In [3]:
import os
from pathlib import Path
from dotenv import load_dotenv

cwd = Path.cwd()
# Load dotenv into sys PATH
dotenv_file = cwd / "../../example/.env"
assert dotenv_file.is_file()
load_dotenv(dotenv_file)

True

In [5]:
import pandas as pd
csv_file = r"../../example/gbif_example\0026013-240906103802322\0026013-240906103802322.csv"
coff_dl_df = pd.read_csv(csv_file, sep='\t')

In [6]:
df = coff_dl_df.loc[coff_dl_df["taxonRank"] == "SPECIES"]
df = df.loc[:, ["verbatimScientificName", "decimalLongitude", "decimalLatitude", "year"]]
df = df.reset_index().drop(columns="index")
df["specimen_id"] = df.apply(lambda row: f"{row['verbatimScientificName']}_{row.name}", axis=1)
df["specimen_id"] = df["specimen_id"].str.strip("Coffea ")
df.columns = ["genus_species", "longitude", "latitude", "year", "specimen_id"]
df.head()

Unnamed: 0,genus_species,longitude,latitude,year,specimen_id
0,Psilanthus brassii,0.0,0.0,1967.0,Psilanthus brassii_0
1,Psilanthus brassii,147.333333,-9.333333,1967.0,Psilanthus brassii_1
2,Psilanthus brassii,146.5,-8.783333,1933.0,Psilanthus brassii_2
3,Coffea arabica,0.0,0.0,1928.0,rabica_3
4,Coffea arabica Linnaeus,167.425,-22.658333,1981.0,rabica Linnaeus_4


In [7]:
# Last 6 years
df_2018_p = df.loc[df["year"] > 2018]
print(len(df_2018_p))

3927


In [8]:
import sys
import os
import re
import pandas as pd

# Assuming df_2018_p is already defined
df_gbif = df_2018_p[['specimen_id', 'longitude', 'latitude']].copy()  # Use .copy() to avoid warnings
df_node = pd.read_csv(r"..\input\node_names.csv")

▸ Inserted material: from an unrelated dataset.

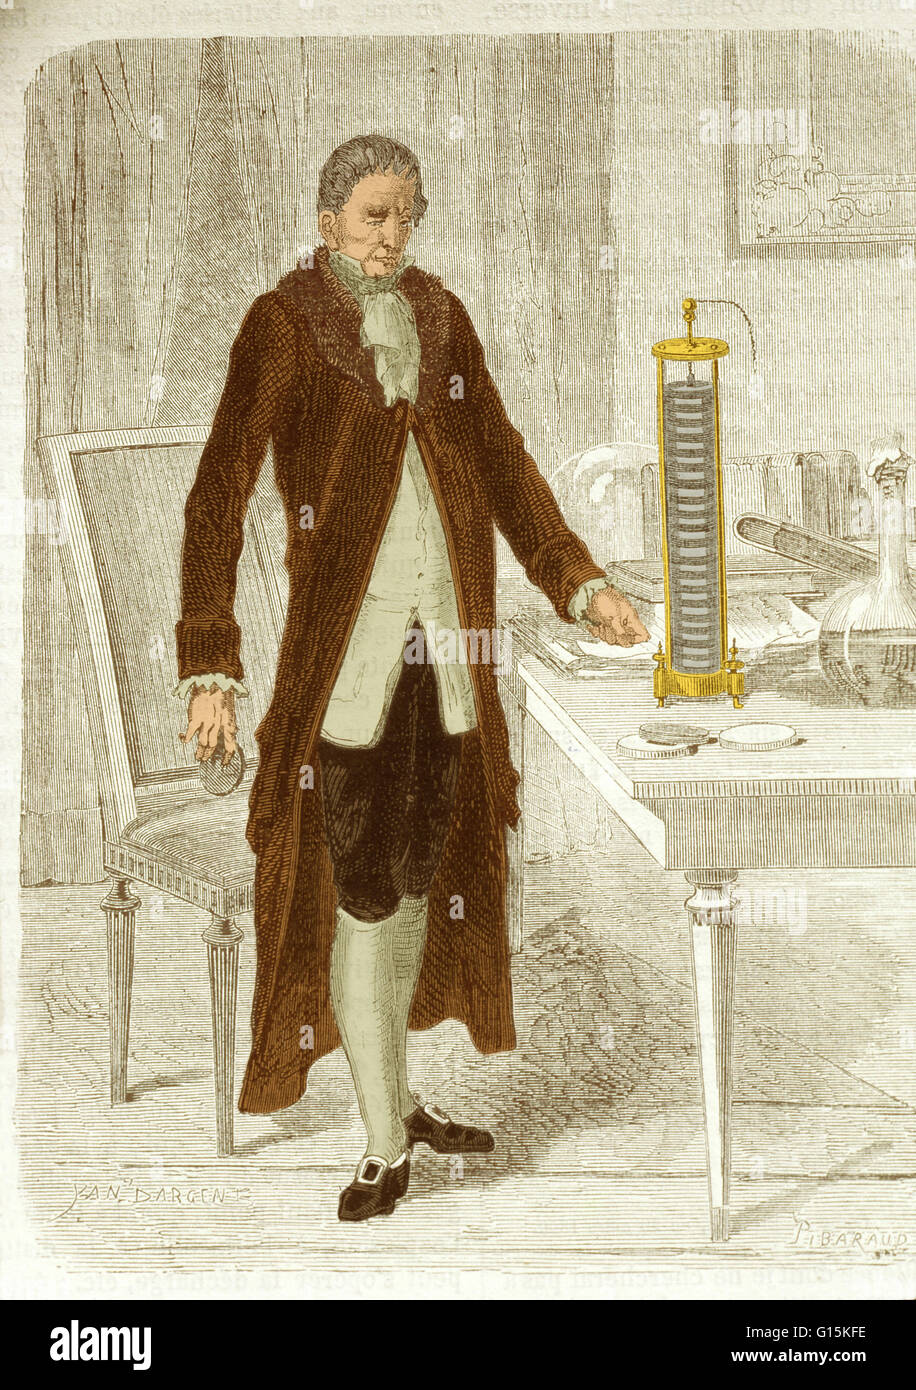 A Volta in posa con il suo nuovo ha inventato la batteria o pila di Volta".  Alessandro Volta (1745-1827) fu un fisico italiano. Ha iniziato ad  interessarsi di energia elettrica nel 1786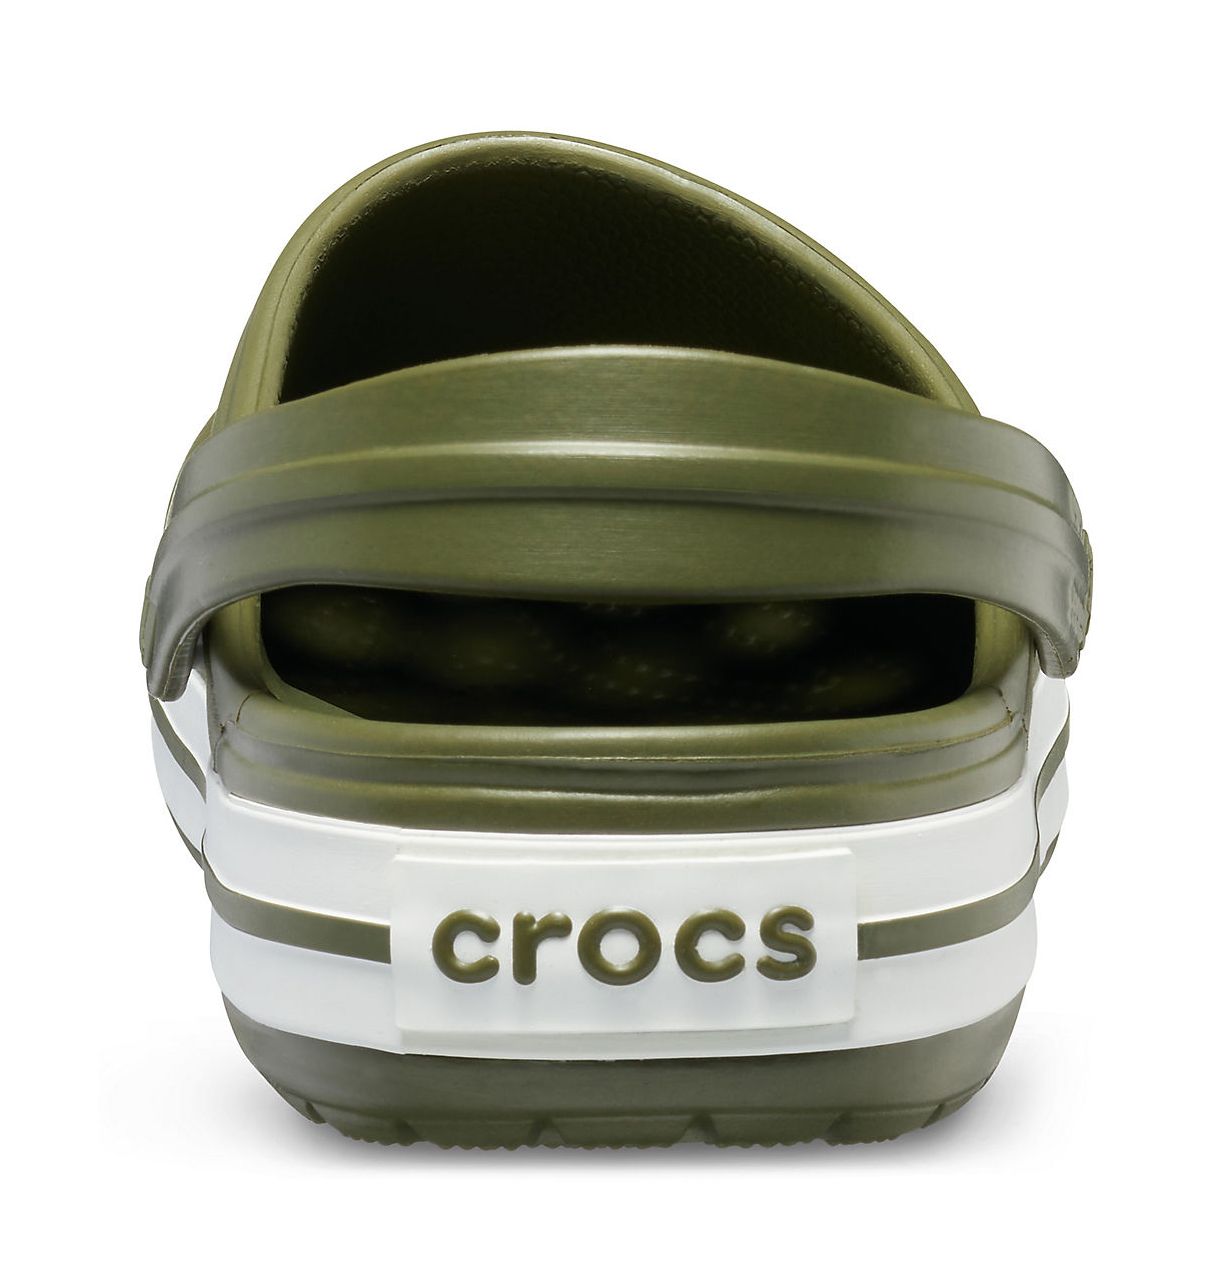 Купить crocs мужские оригинал. Crocs 11016. Crocs Crocband Clog. Crocs Crocband Army Green. Crocs Crocband цвета хаки.

# Function to extract part of the specimen_id for matching
def extract_name(specimen_id):
    # Use regex to extract pattern (e.g., everything before the underscore)
    return re.sub(r'_\d+', '', specimen_id)

# Apply extraction function to both DataFrames
df_gbif.loc[:, 'key'] = df_gbif['specimen_id'].apply(extract_name)  # Use .loc to avoid SettingWithCopyWarning
df_node.loc[:, 'key'] = df_node['Node Name'].apply(lambda x: re.sub(r'^C_|_[\dA-Za-z]+$', '', x))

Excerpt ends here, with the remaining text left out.